Wherever pictures appear in the listing below, leave them out, and copy exactly, and only, everything from the line with "SAT, Ministerialprotokoller, klokkerbøker" down to the line with "Frau mit Hut".

### SUPPLIED RECORDS:
# # # # # # #
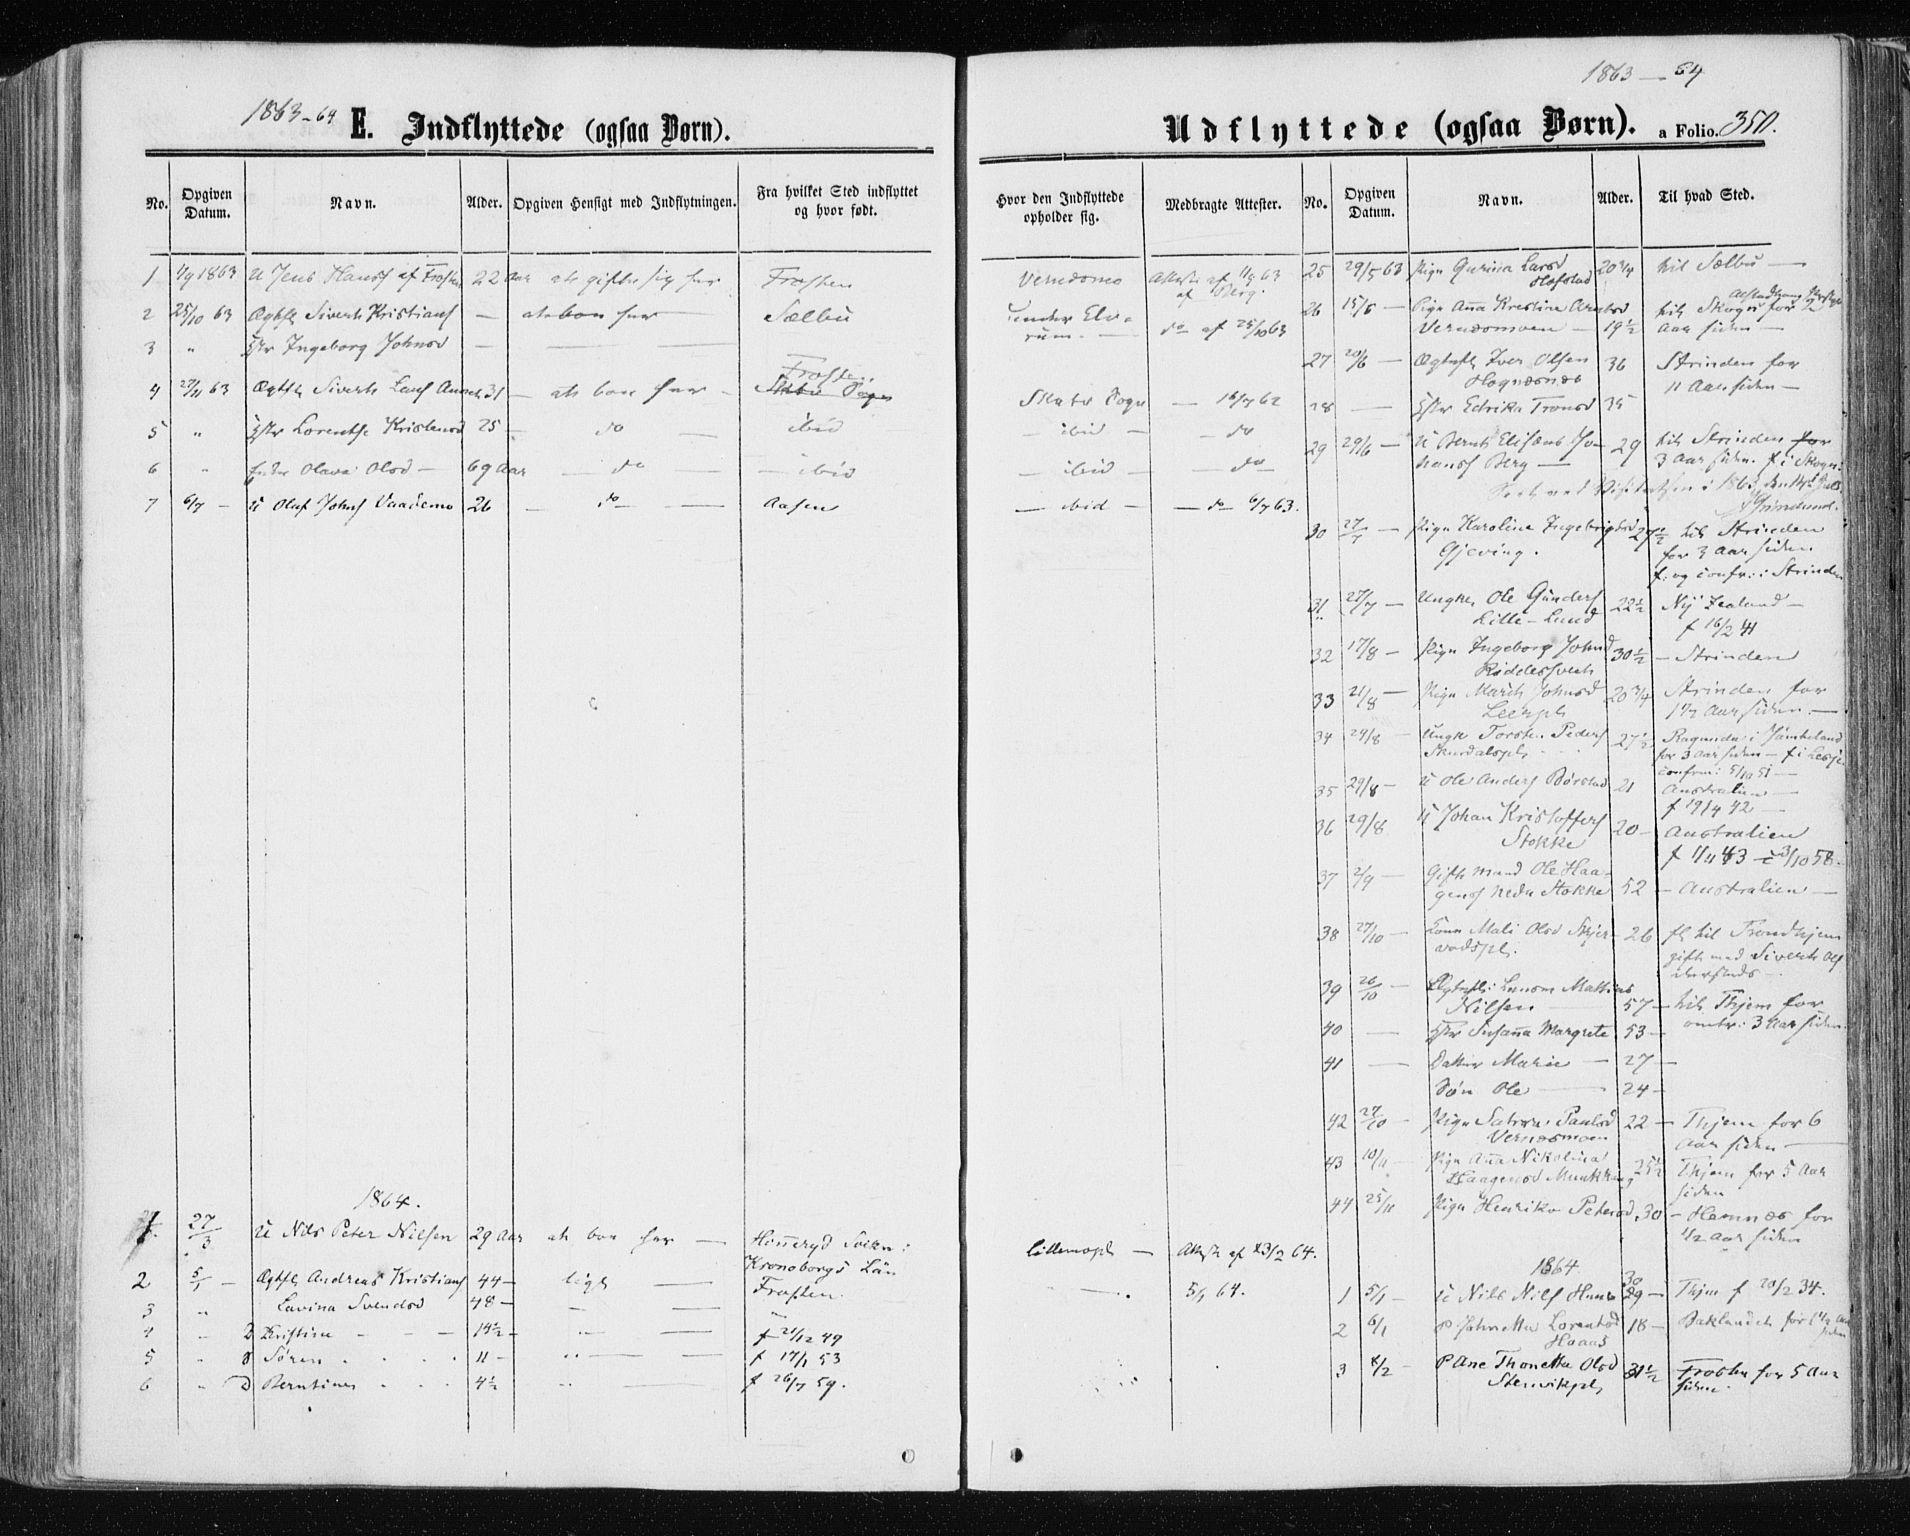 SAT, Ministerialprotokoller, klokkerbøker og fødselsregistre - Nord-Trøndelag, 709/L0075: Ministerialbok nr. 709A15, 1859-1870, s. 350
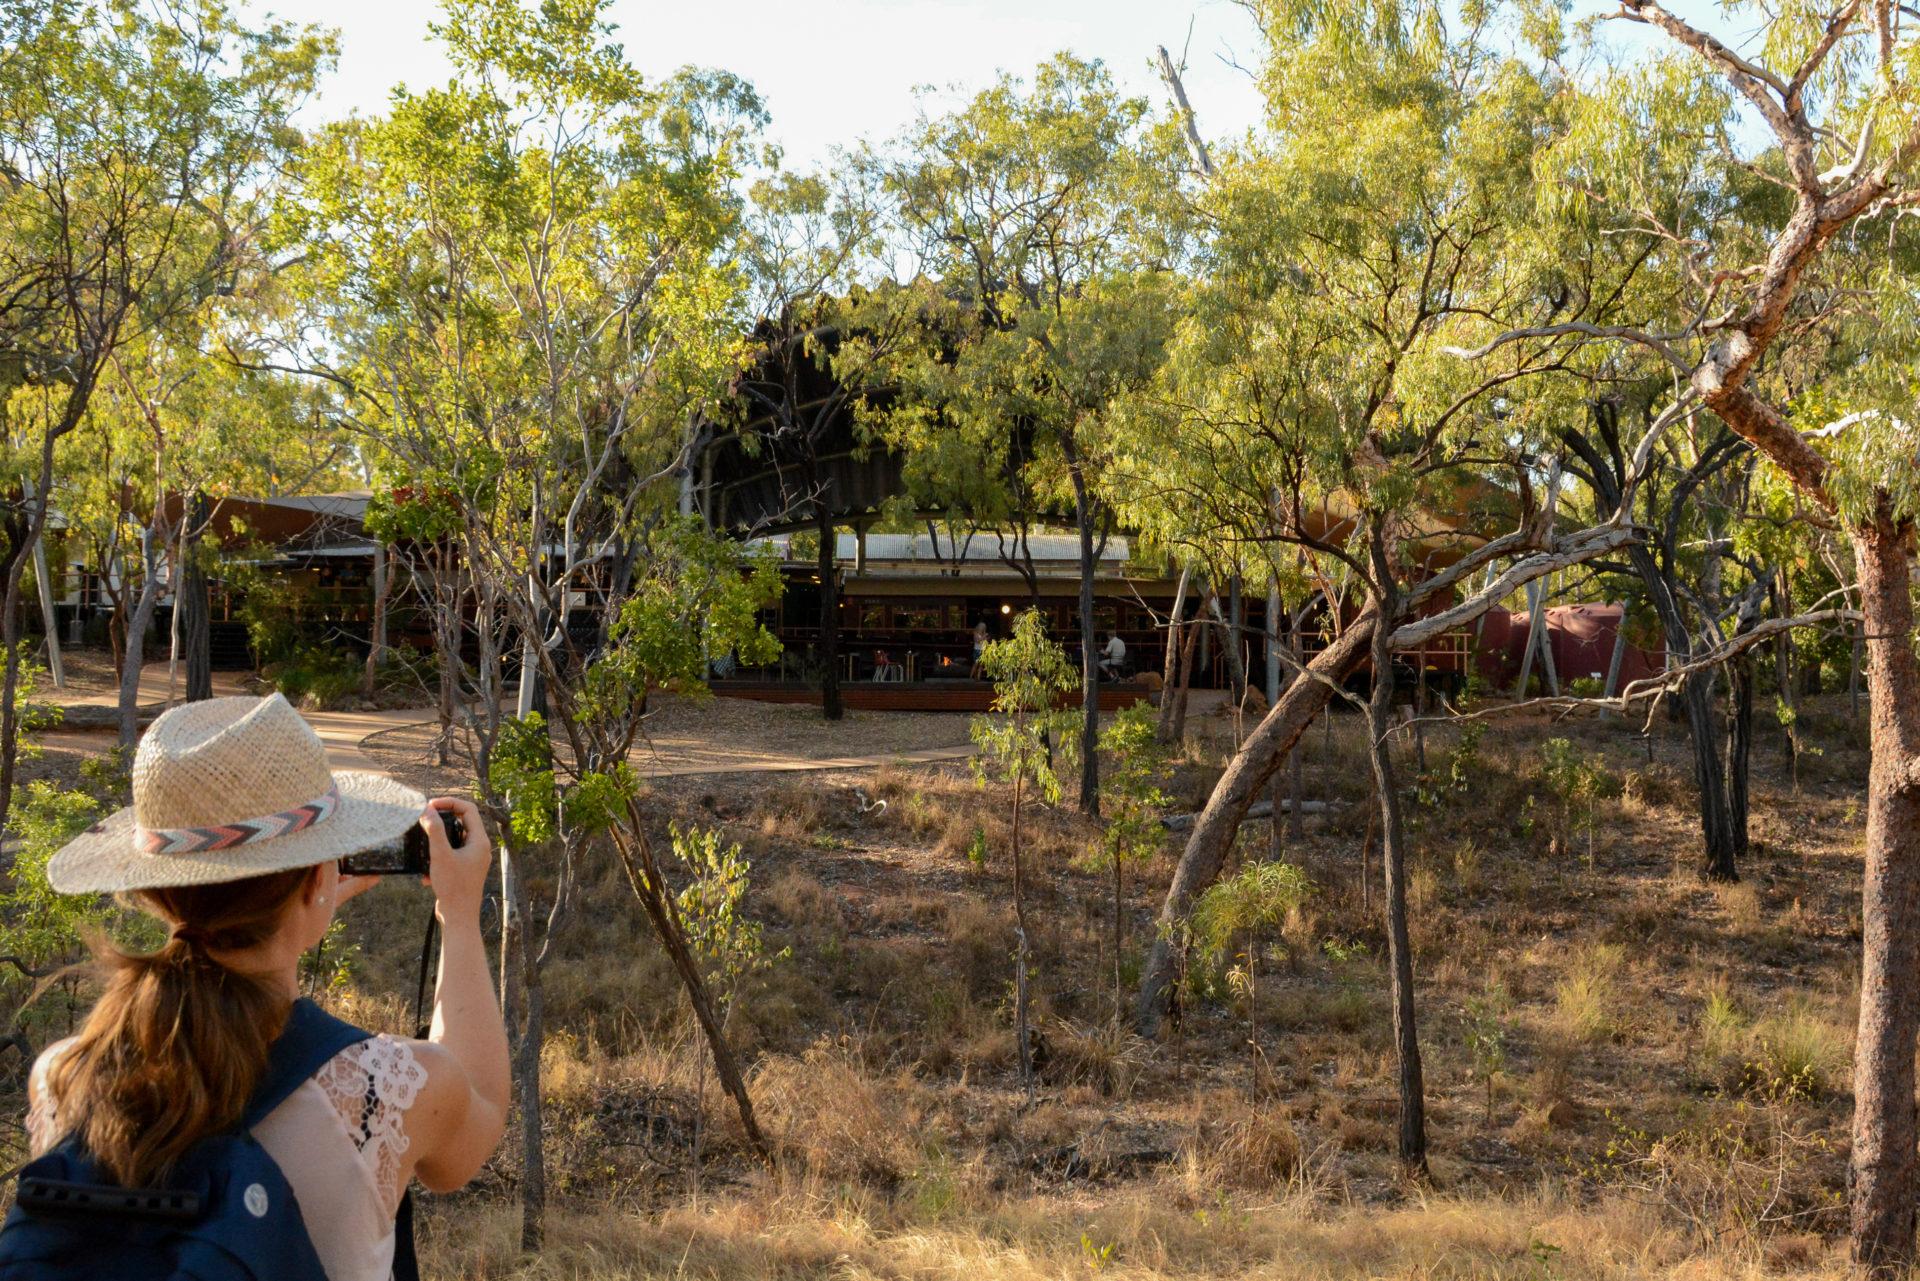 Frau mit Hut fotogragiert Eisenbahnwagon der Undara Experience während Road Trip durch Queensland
# # # # # # #
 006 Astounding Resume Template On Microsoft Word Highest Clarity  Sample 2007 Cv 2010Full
# # # # # # #
### WRITTEN ANSWER:
 SAT, Ministerialprotokoller, klokkerbøker og fødselsregistre - Nord-Trøndelag, 709/L0075: Ministerialbok nr. 709A15, 1859-1870, s. 350
 Frau mit Hut fotogragiert Eisenbahnwagon der Undara Experience während Road Trip durch Queensland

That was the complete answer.